**Activity:** With pictures omitted, restate the data word for word.

**Input data:**
◆ ◆ ◆ ◆ ◆
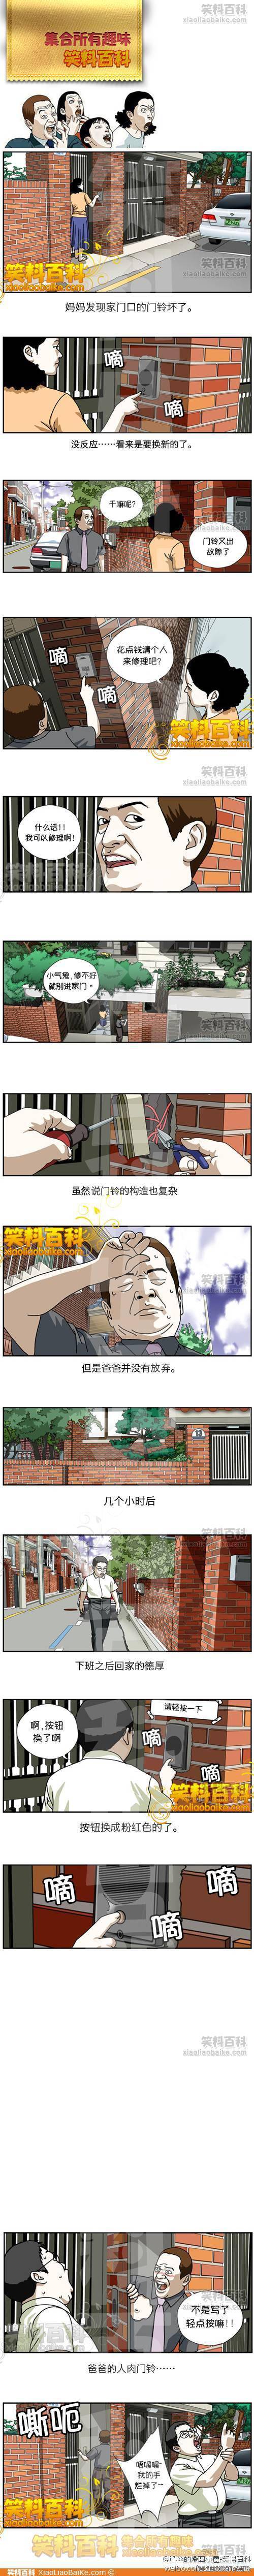 邪恶漫画爆笑囧图第51刊：犯错
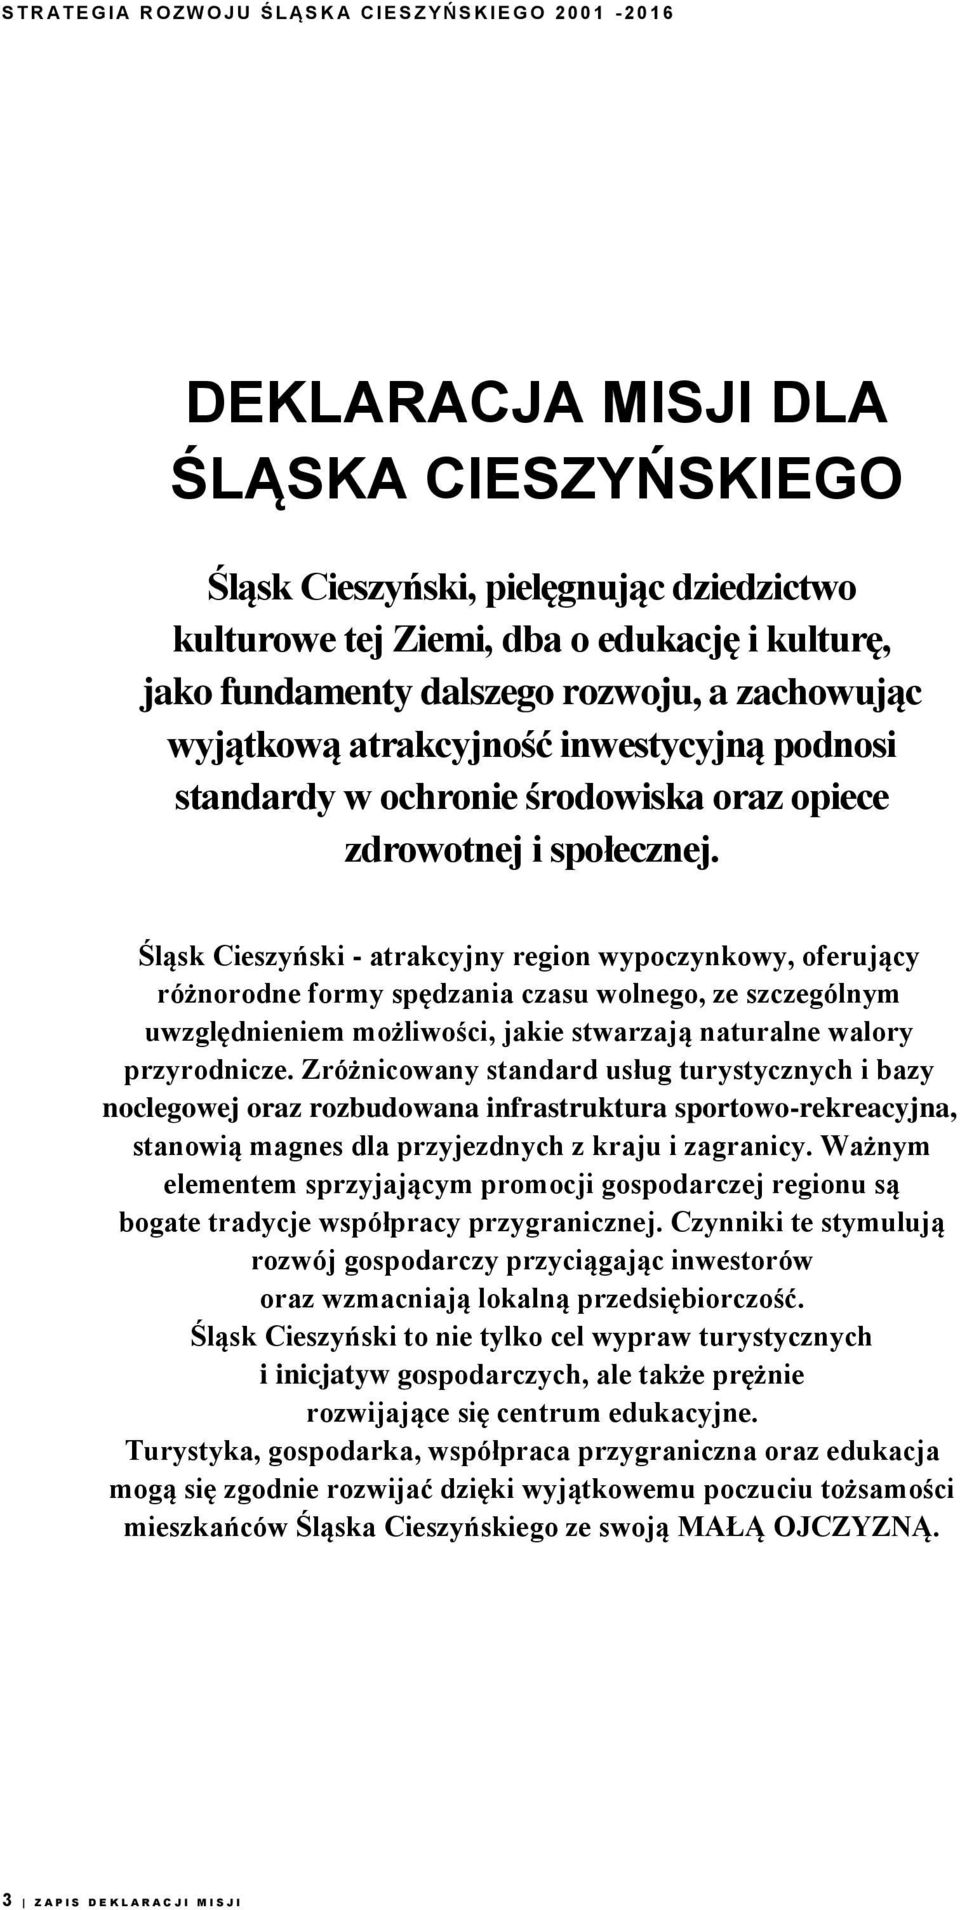 Śląsk Cieszyński - atrakcyjny region wypoczynkowy, oferujący różnorodne formy spędzania czasu wolnego, ze szczególnym uwzględnieniem możliwości, jakie stwarzają naturalne walory przyrodnicze.
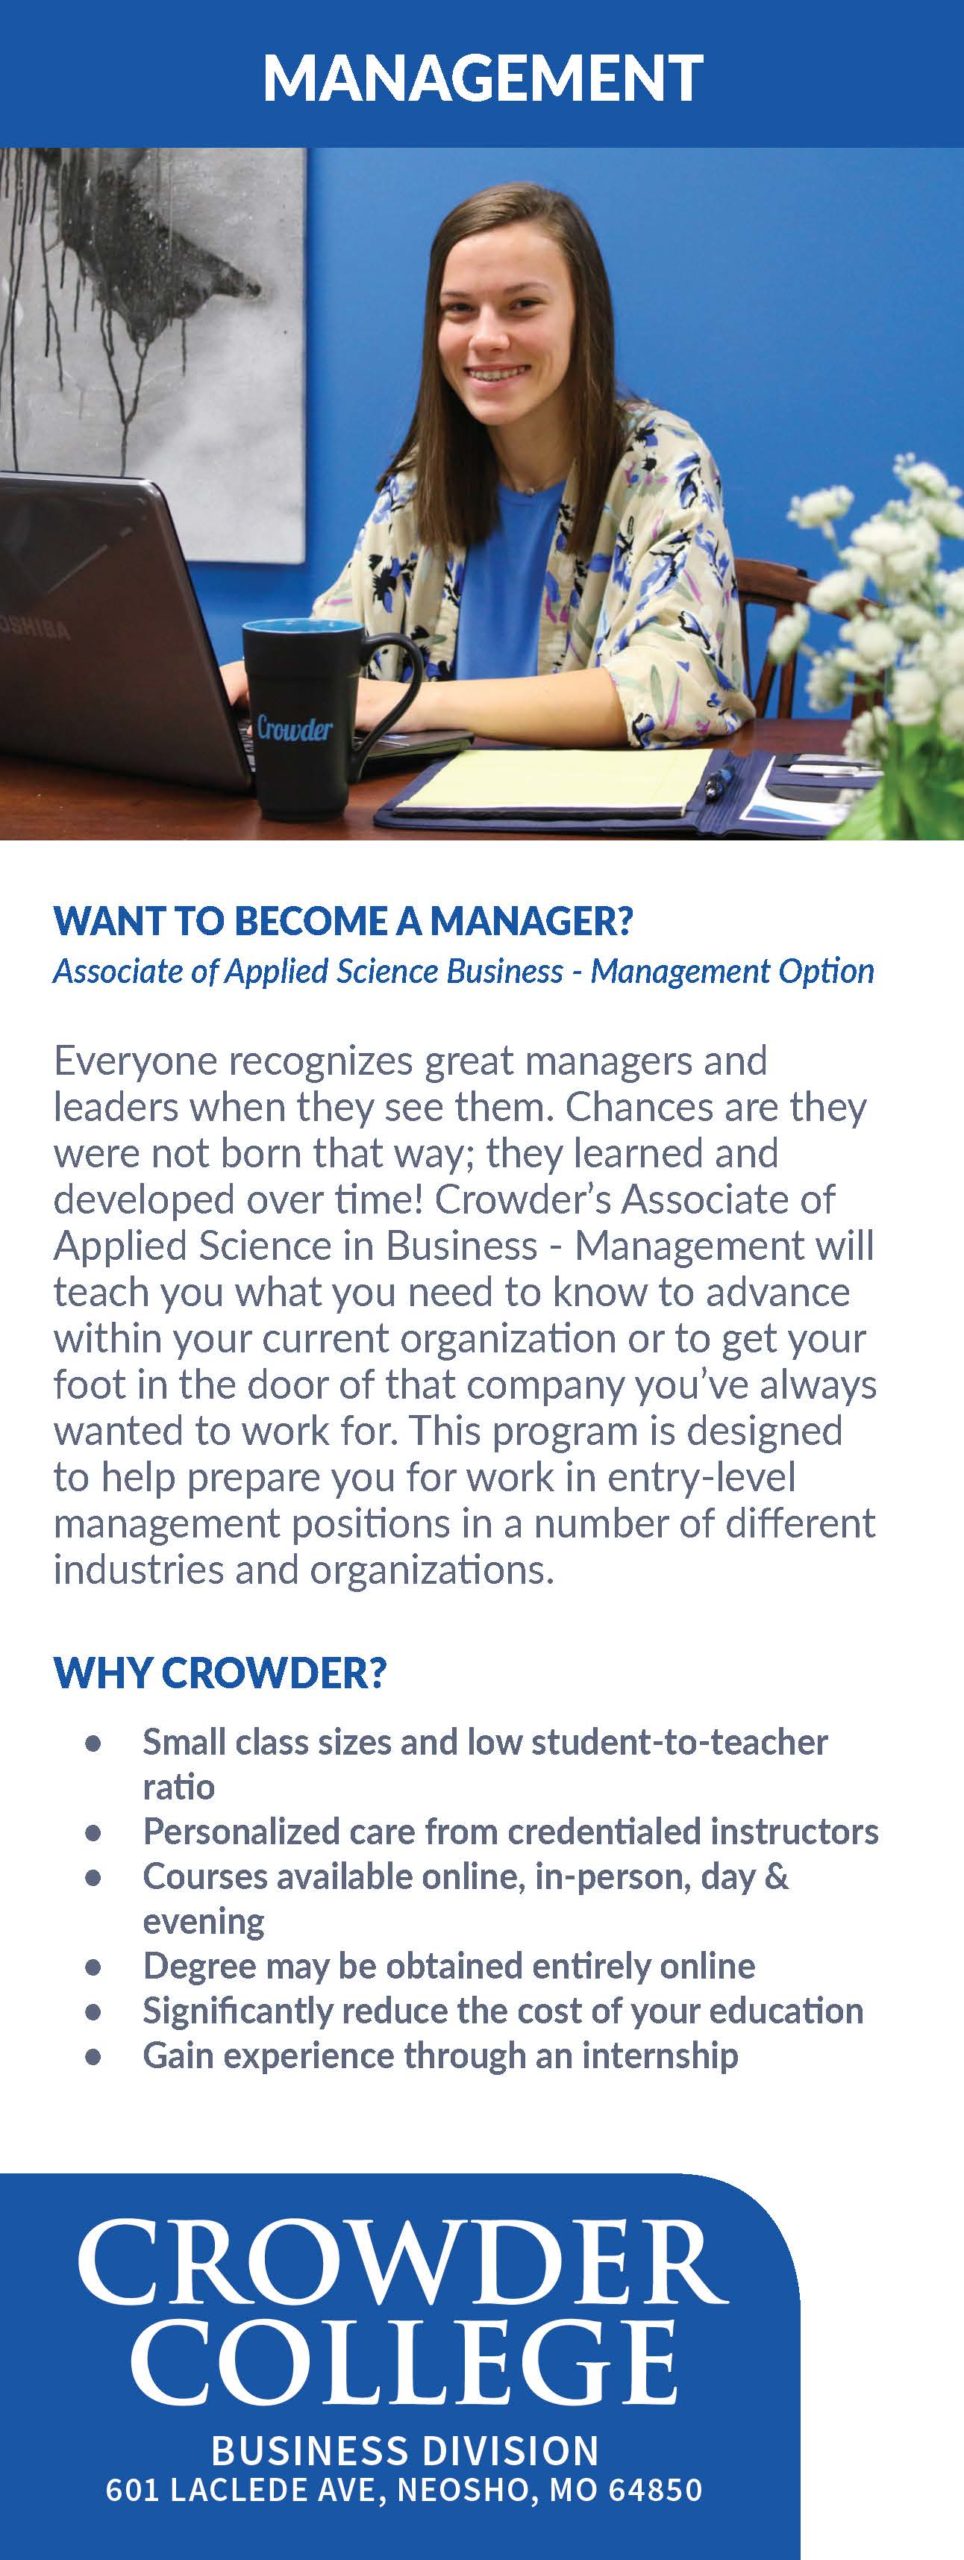 Crowder College Business Management Program information
◆ ◆ ◆ ◆ ◆
**Answer box:**
 邪恶漫画爆笑囧图第51刊：犯错
 Śląsk Cieszyński - atrakcyjny region wypoczynkowy, oferujący różnorodne formy spędzania czasu wolnego, ze szczególnym uwzględnieniem możliwości, jakie stwarzają naturalne walory przyrodnicze.
 Crowder College Business Management Program information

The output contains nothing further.